14 Comment

  • Sorry to sound preachy, but this is why we need to teach kids that everything we throw into the storm drains goes straight to the bayou.

  • I was driving on GUlf Freeway the other day and the passenger door of the car next to me opened and they threw trash out. I was shocked. I gave them a really dirty look and I tried to get their license number to report them, but they stayed real far away from me.

  • I noticed the same thing on White Oak Bayou at the North Loop. As I was stuck in traffic, I looked out from the bridge and could see the trash float down the bayou.

  • There was a tv in Braes near Main yesterday. Don’t think that was kids.

  • I grew up on a bayou here. Responding to Bill’s comment about teaching kids…it’s probably more adults throwing trash – like the two adults that dumped tires at the dead end street behind my house (in Montrose) – I gave chase, but no license plates…You’d be amazed what gets dumped in the bayous and lightly traveled streets.

  • Yeah, Sims gets its fair share, too. This was a while back by the Goodyear Plant:

    http://www.arch-ive.org/stuff/sims002.JPG
    http://www.arch-ive.org/stuff/sims003.JPG

  • It’s definitely not kids that are the problem.

    It’s adults who simply just don’t care. For god sakes, a cup can stay in your car until you get home and just throw it away.

    I have a friend that keeps a small trash back in the trunk of his car and usually throws it out weekly since he’s always on the road for work.

  • We need to ramp up the “Don’t Mess With Texas” campaign again. I think it made a difference. Made people think.

  • On top of that Harris County and the City of Houston have there own. The county one specifically targets storm sewers and bayous.
    The link below is to Harris County’s Campaign.
    http://www.cleanwaterways.org/

  • The don’t mess with Texas campaign had local Texas celebrities on tv and radio commercials, and a lot of them. I remember ZZ Top, was Kinky Friedman one of them? They were catchy and infused humor to get the message across. They were pretty effective.

  • I always wondered why the waterways in Texas seem dirtier in general than waterways in other cities in North America. I know the brownness of the water is natural, but the garbage sure isn’t.

    Is it a cultural thing???

  • Looks like clumps of oak pollen to me. And given that oaks are blasting the city right now, it probably is.

  • My silly little video doesn’t do the regular stream of garbage justice, and no, the white cylindrical objects did not come from oak trees, they came from fast food restaurants.

    I love Houston but I’ve never lived anywhere where people were so prone to throwing crap out their car windows or just plunking it down on a sidewalk as they walk along. it’s pretty appalling.

    my hunch is that it’s the car culture – fewer people see the outdoors as a place they experience – it’s just something to get through between the car door and another building. Every time I walk the dog I’m shocked by how much stuff – including broken glass, for goodness sake – is on the ground in the Heights. Who throws broken glass on a sidewalk? Someone who should lose the right to live among other humans, that’s who.

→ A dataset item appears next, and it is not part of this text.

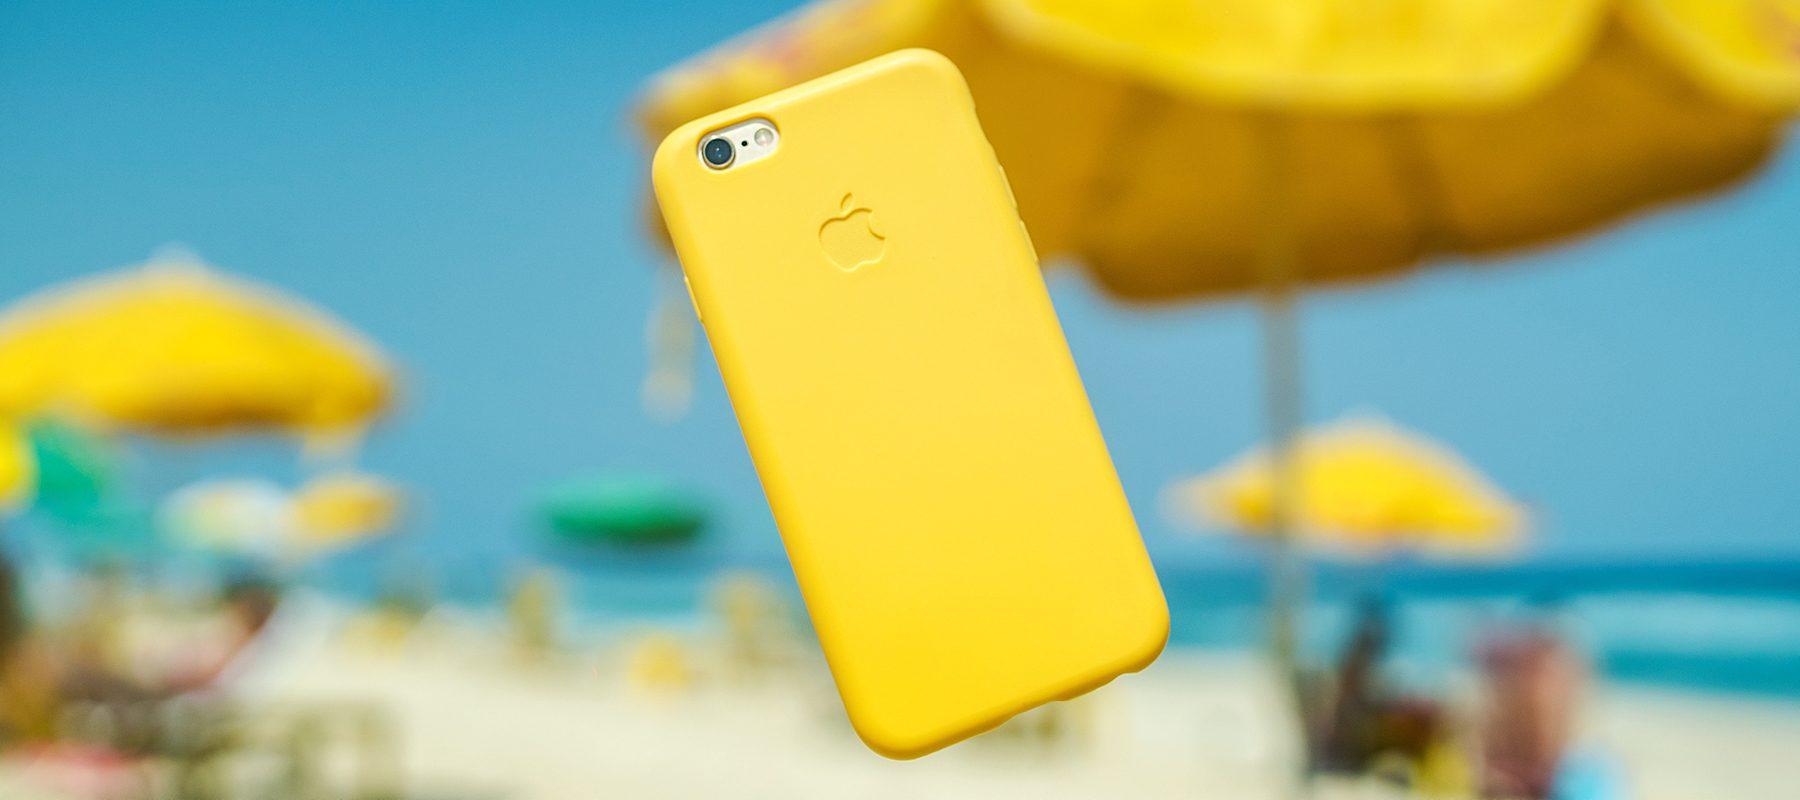 iphone case mobile accessoris

  • I agree with John. I live on a corner in the Heights and am astounded by the amount of trash that appears in my yard weekly — at least a few fast food cups/bags, beer cans, food wrappers– all assumed to be thrown out a window when at the stop sign. Buffalo Bayou by the Omni Hotel/Houstonian is also littered with garbage. If it is noticeable there, I can’t imagine how bad it is in less pricy parts of town.

    I will also blame lax enforcement of trash dumpsters at jobsites/public areas. The amount of trash that collects at Durham/W 11th St is astounding. I feel bad for those who live in the houses right by there.